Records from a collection

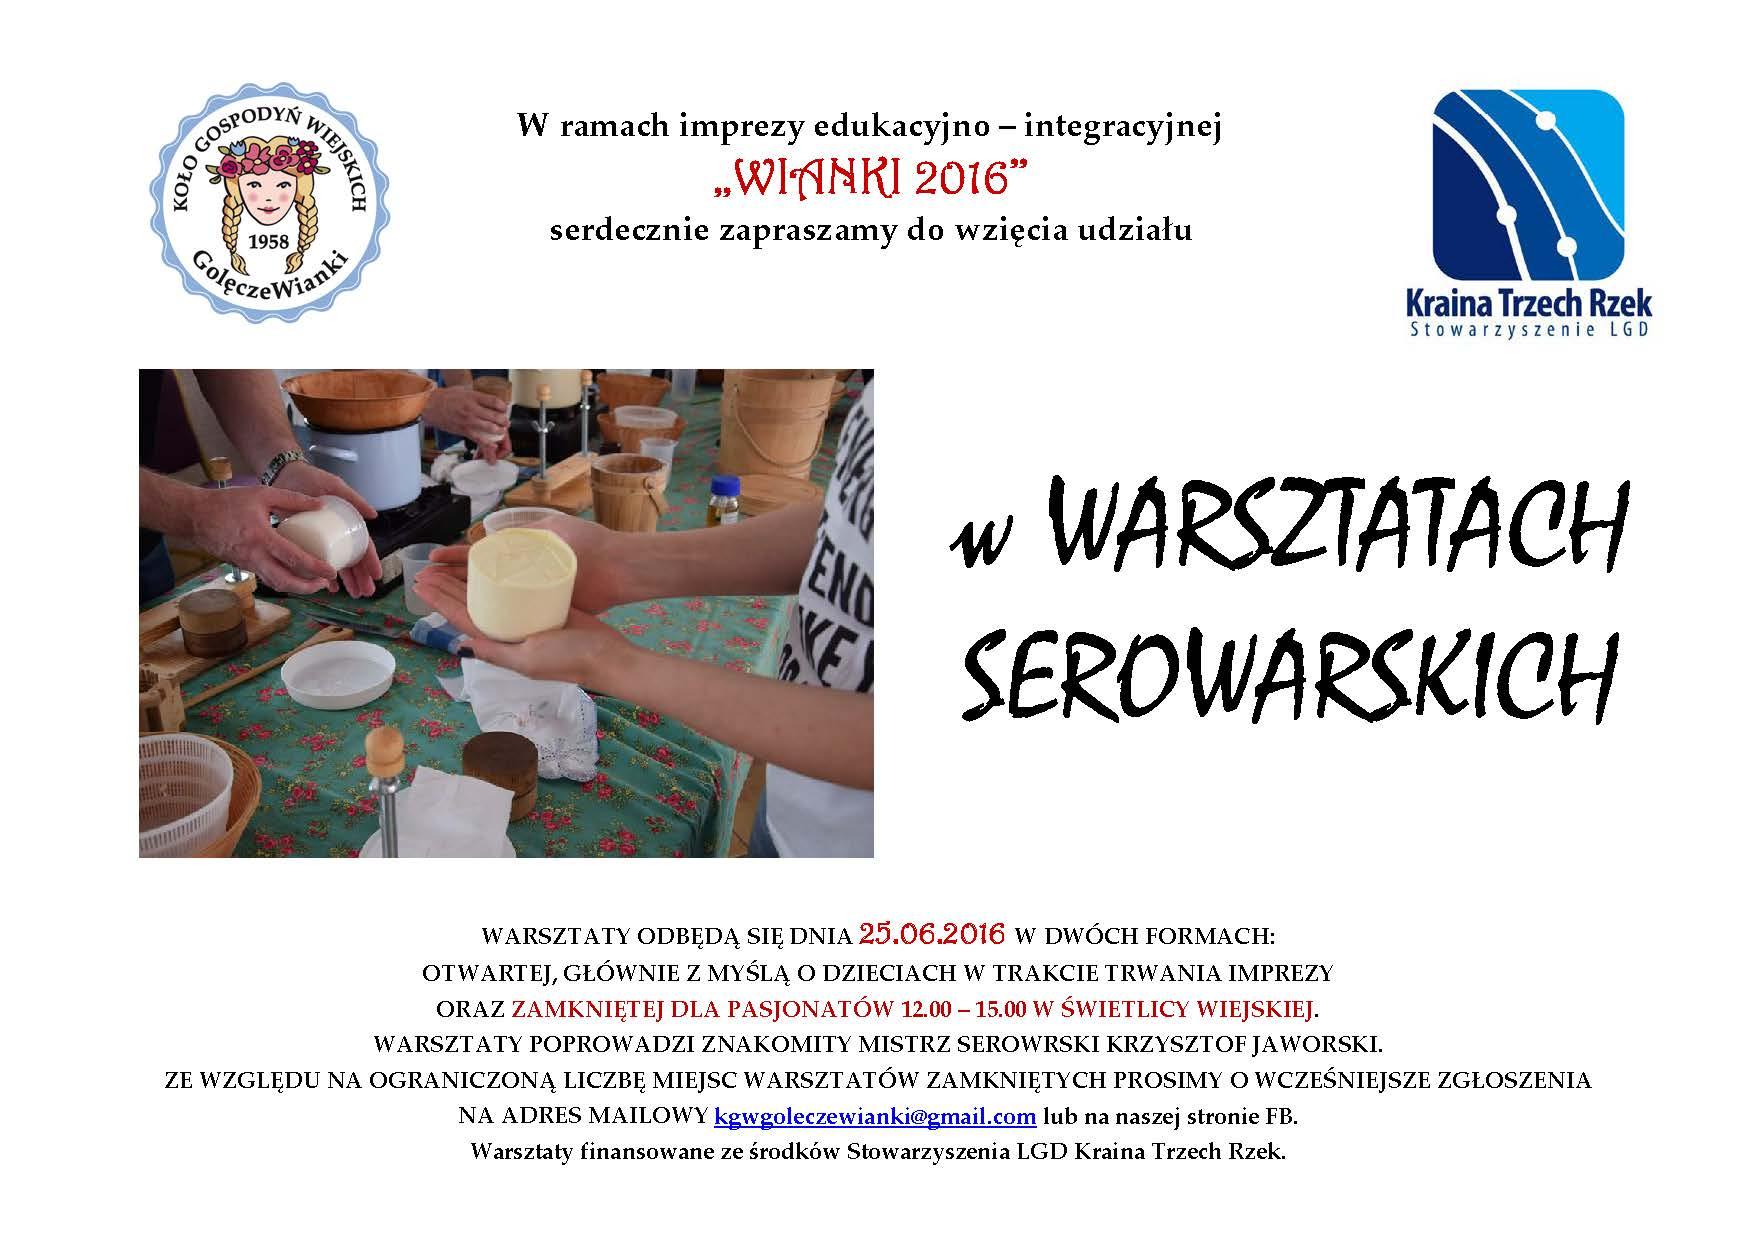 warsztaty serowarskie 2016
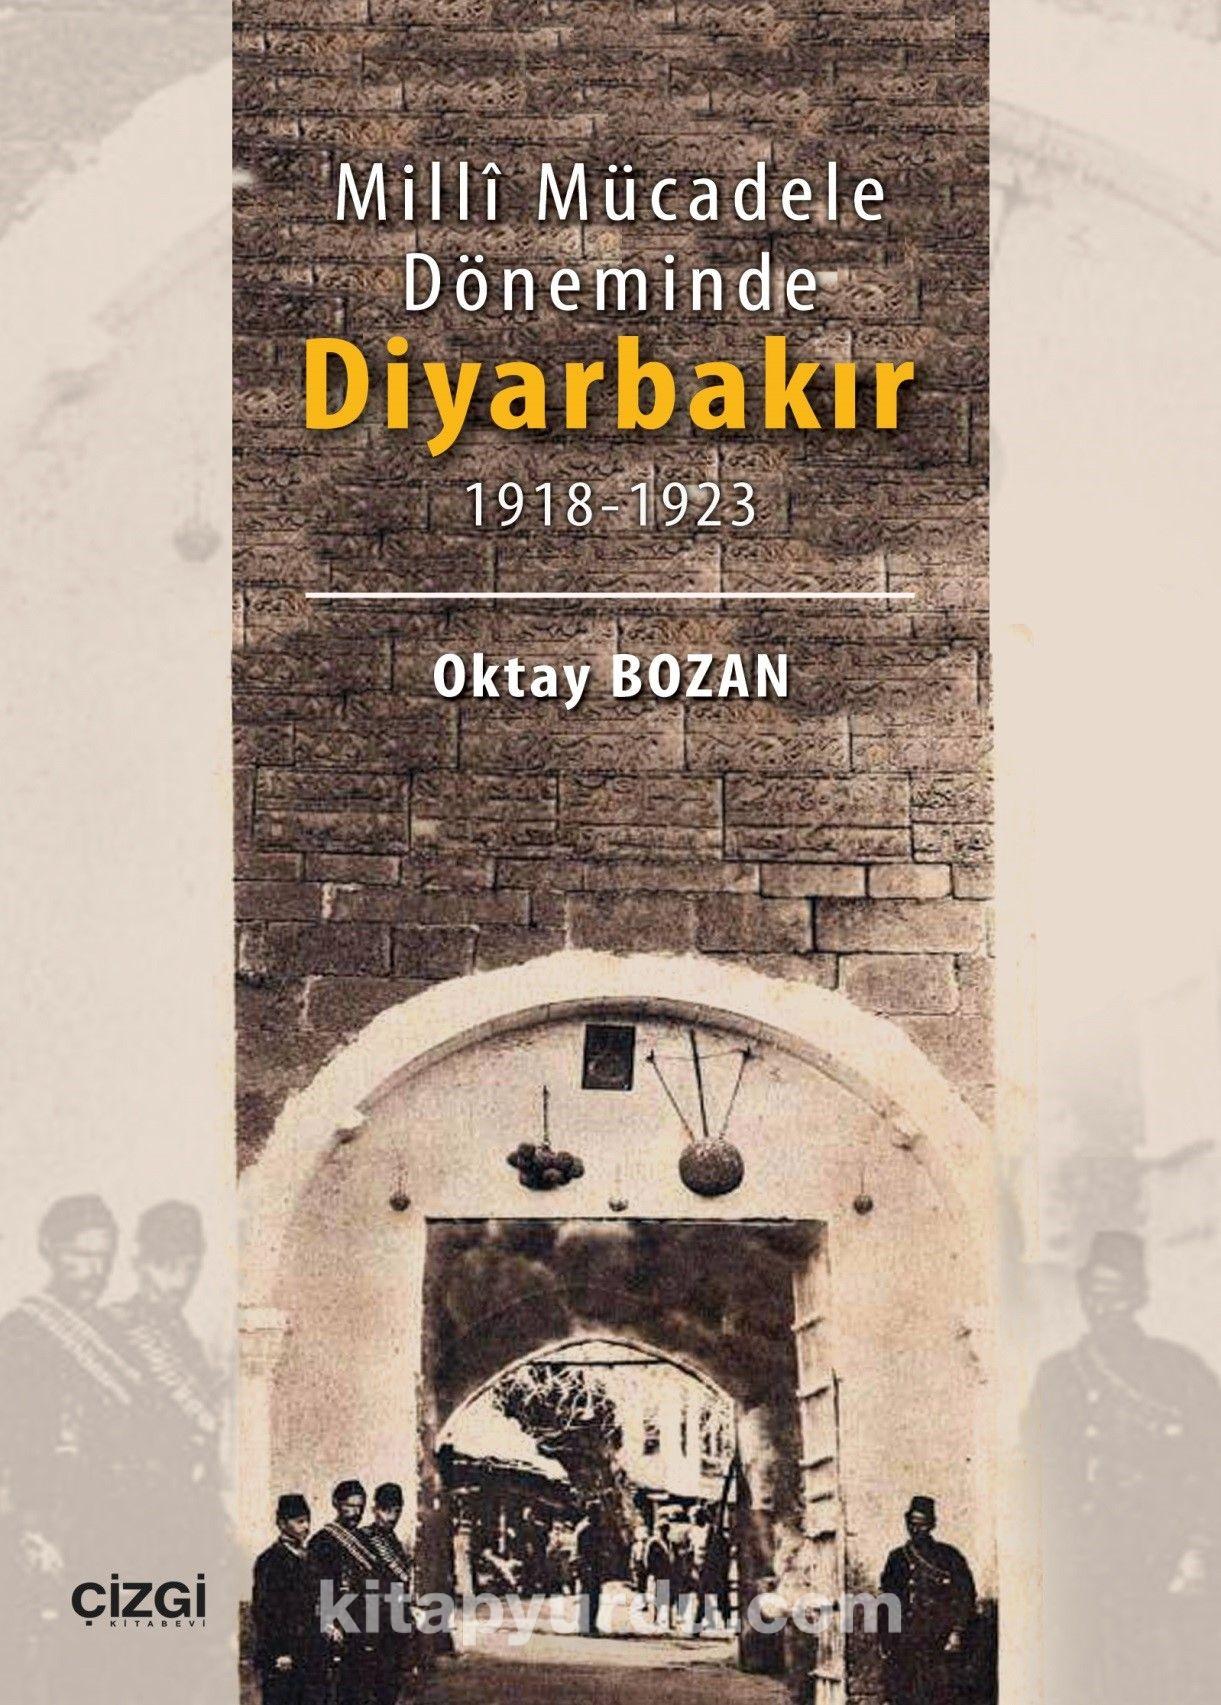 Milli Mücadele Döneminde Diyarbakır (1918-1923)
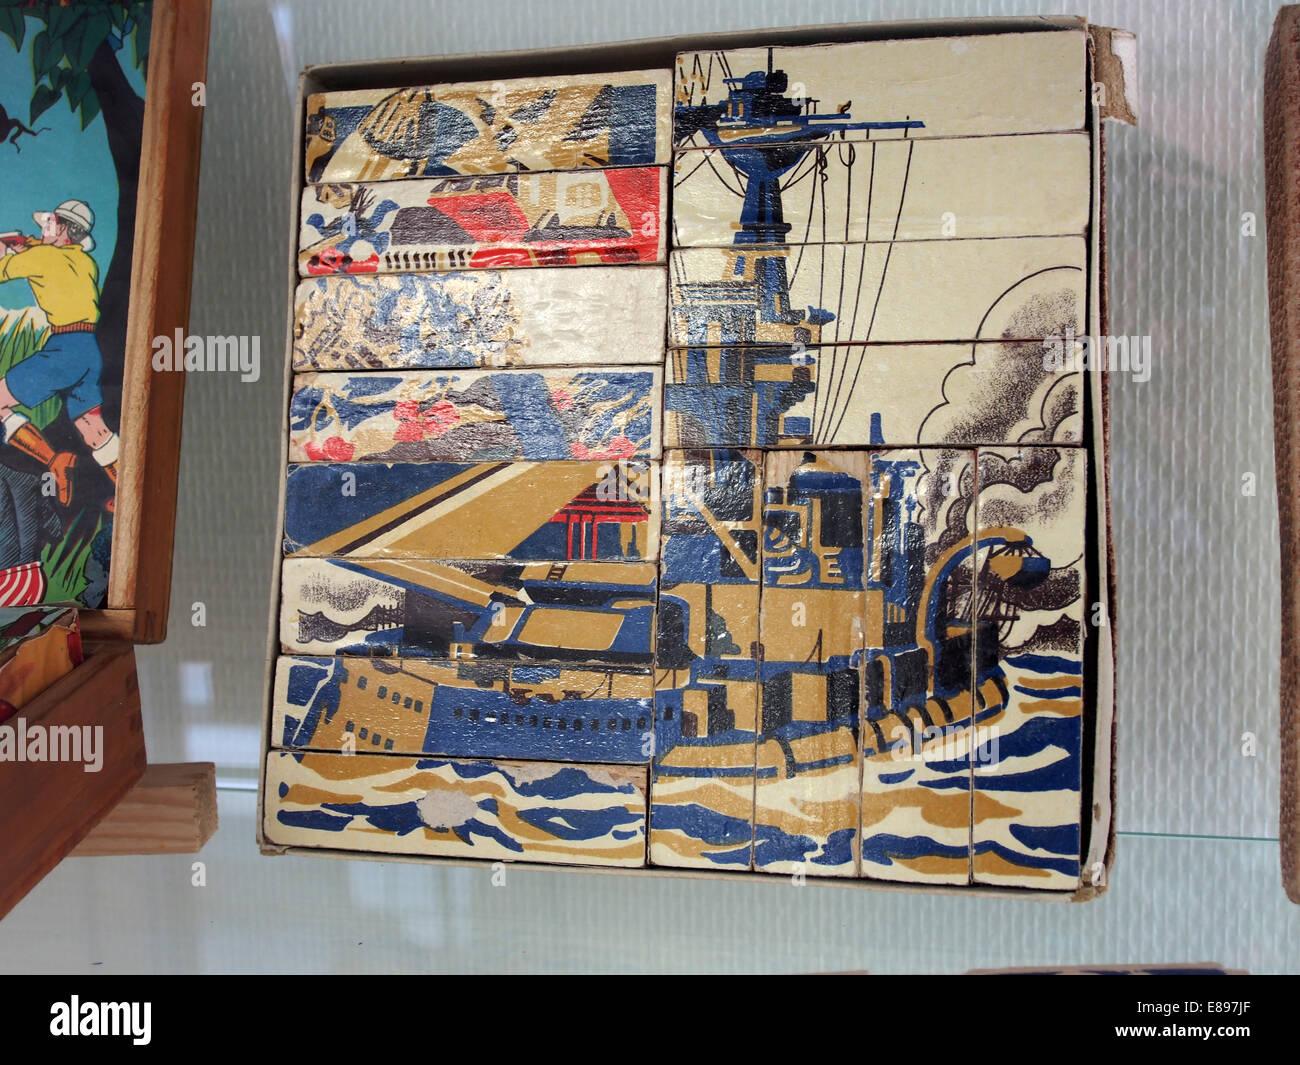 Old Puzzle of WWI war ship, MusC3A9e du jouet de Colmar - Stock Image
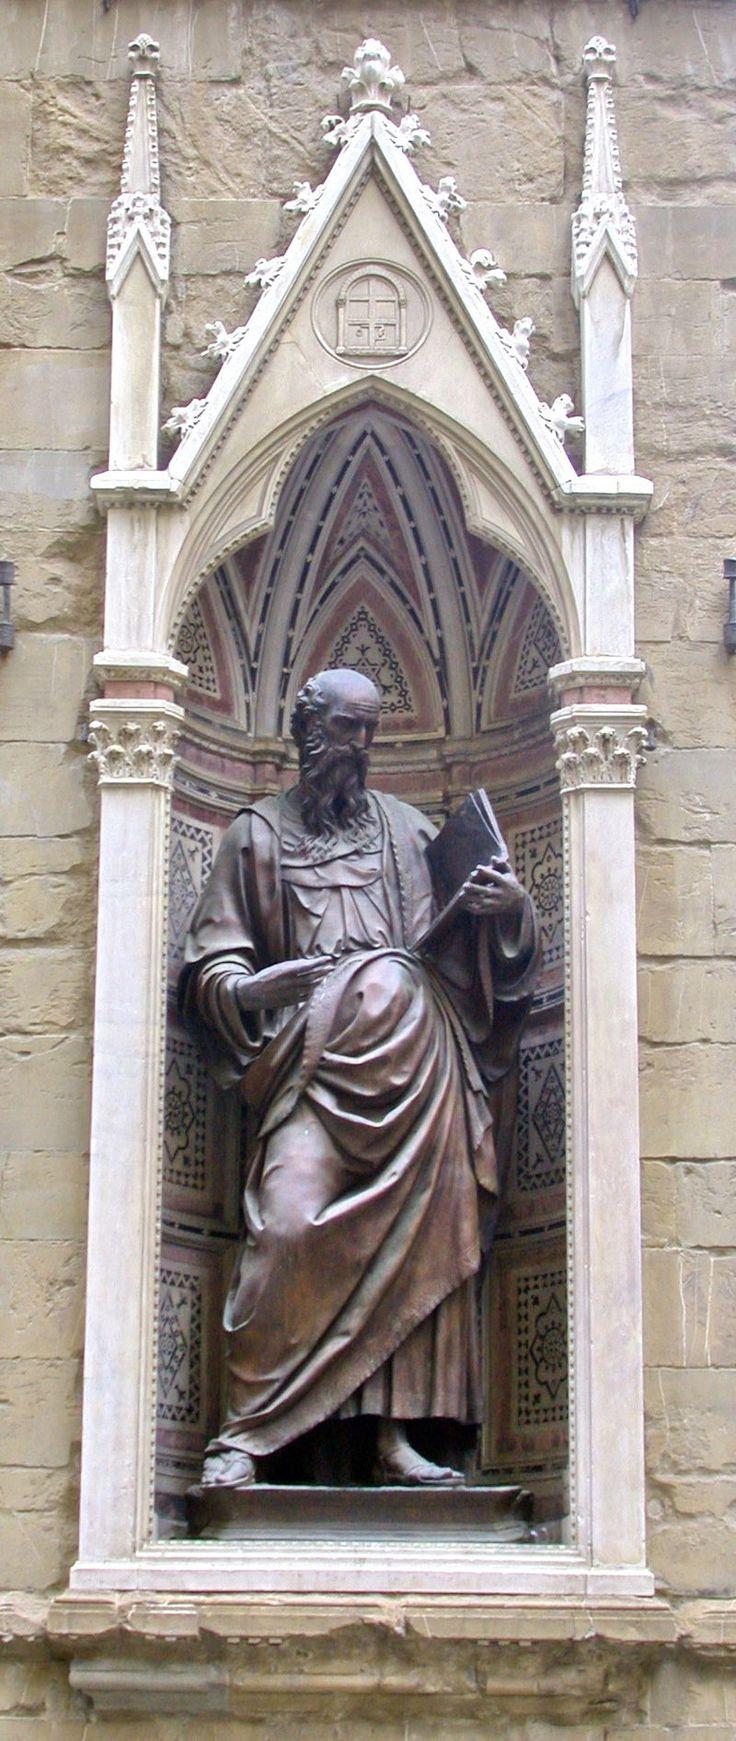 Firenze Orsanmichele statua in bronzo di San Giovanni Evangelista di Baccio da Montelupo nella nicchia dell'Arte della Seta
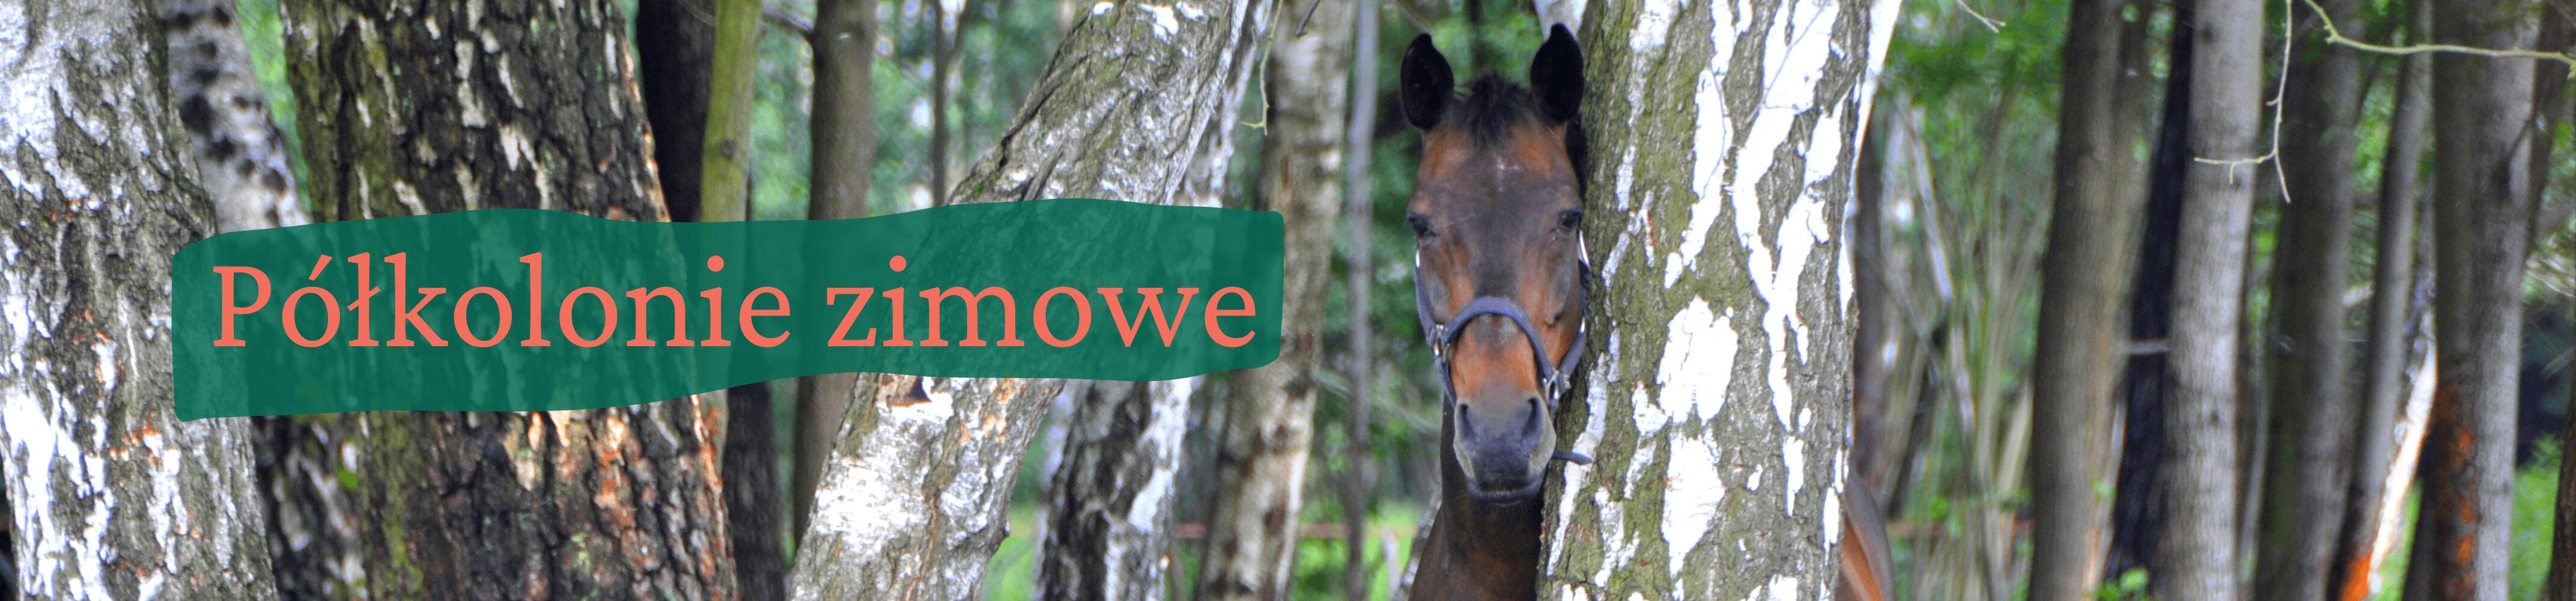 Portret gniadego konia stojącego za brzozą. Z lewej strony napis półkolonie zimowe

EXERCISE
Please write out the lines above, beginning at the line with "Old Puzzle of" and ending at the last line of the records, exactly as they appear and without pictures.

THE ANSWER
 Old Puzzle of WWI war ship, MusC3A9e du jouet de Colmar - Stock Image
 Firenze Orsanmichele statua in bronzo di San Giovanni Evangelista di Baccio da Montelupo nella nicchia dell'Arte della Seta
 Portret gniadego konia stojącego za brzozą. Z lewej strony napis półkolonie zimowe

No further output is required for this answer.